We All Have Our Types

We All Have Our Types

In a previous post, I offered three clarifications about historical Particular Baptist covenant theology as a response to Dr. R. Scott Clark’s post dealing with the same matters. Dr. Clark posted a second article continuing the dialogue, and I found it to be a helpful article in that it mined down deeper and thus portrayed more precisely, I think, the details and differences of the parties referenced here (Particular Baptists and the broad Reformed tradition).

Since I am the primary pen being referenced in Dr. Clark’s post, I thought it would be helpful to continue this discussion in an attempt to further the cause of mutual understanding.

Before I quote and respond to a few pieces of Dr. Clark’s recent post, I want to propose to the reader, whether a proponent or opponent of Particular Baptist covenant theology, two things for their consideration before and during discussing or debating these issues.

First, covenant theology, whether considered exegetically or historical-theologically, defies simplification and summary. It deals with, necessarily and unavoidably, the forest and the trees. It covers the entire Bible. Its scope is all of redemptive history. It seeks to explain the purpose of all God’s actions. It is a subject that requires micro and macroscopic perspectives. Not only is this true in the case of studying covenant theology exegetically, but when one adds to this the history of the church’s attempts to handle the subject, i.e., historical theology, the plot thickens considerably. It is therefore a subject whose grammar and vocabulary must be sufficient for the task of dealing with trees and forests. One must exercise great caution and patience in studying a subject of such a scope. And it is therefore a subject not well suited for Twitter, Facebook, and Blogs (like this one).

Second, the Disciples/Apostles got this wrong at first and for some time after the ascension and Pentecost. The Jews got this wrong. Many early Christians got this wrong, provoking church councils and many apostolic epistles in our New Testaments. The Reformed tradition has a great deal of diversity on how the pieces fit together (without denying considerable unity in parts of the subject as well). Tread lightly. Take your time. Don’t be in a rush. Don’t go to war in your first year of marriage.

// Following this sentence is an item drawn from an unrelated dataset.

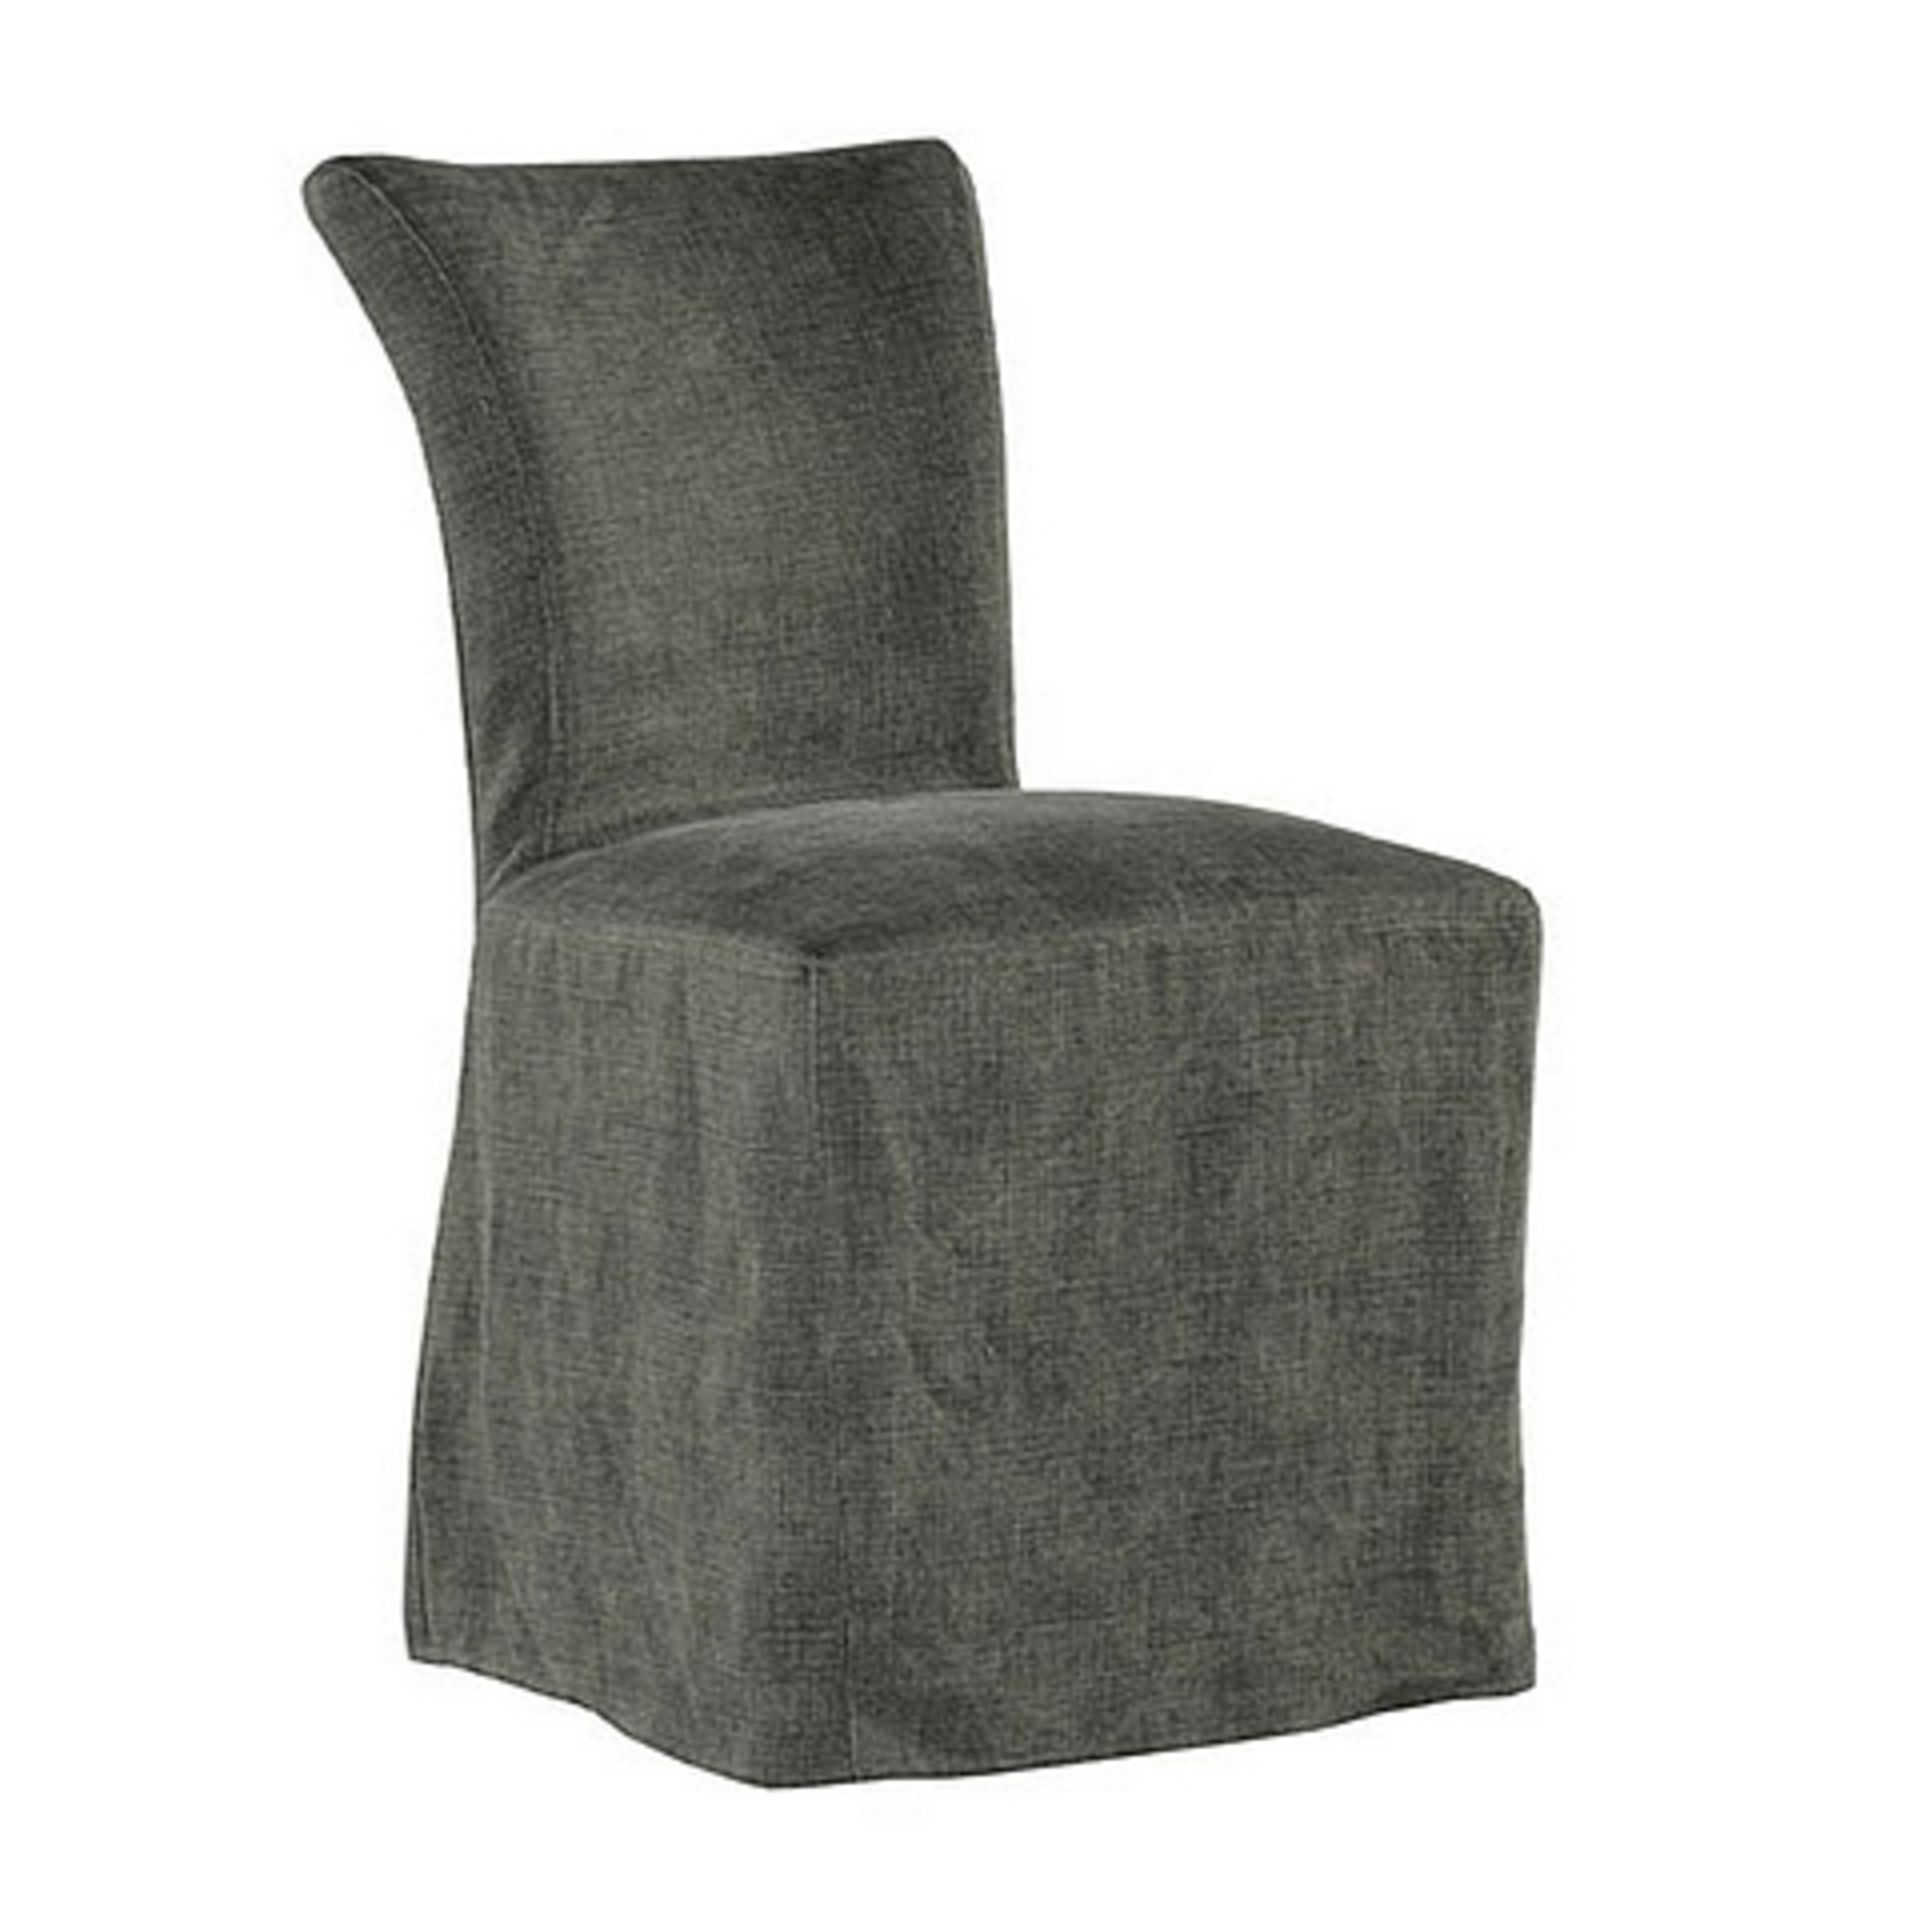 Mimi Loose Cover Dining Chair Scuff Linen Gorse 51 X 62 X 89cm

Now, on to an attempt to offer brief responses of a clarifying nature.

Dr. Clark said,

the PBs do not envision the same sort of administration of spiritual benefits through the external administration of the types and shadows, the various Old Testament administrations of the covenant of grace as the Reformed understand things.

Similarly,

that reception [of the benefits of Christ] has little to do with the actual, external, historical administration of the covenant of grace through types and shadows. For them, the substance of the covenant grace is not the divine promise to be a God to us and to our children but only Christ

As a Particular Baptist, I find these words somewhat confusing. Let me offer the reply, then the explanation. The reply is that we believe that the benefits of Christ are made known and received specifically through the types and shadows. How else were they revealed, received, and enjoyed if not through the Israelite system? So to say “the PBs do not envision the same sort of administration of spiritual benefits through the external administration of the types and shadows” does not fit right, to me.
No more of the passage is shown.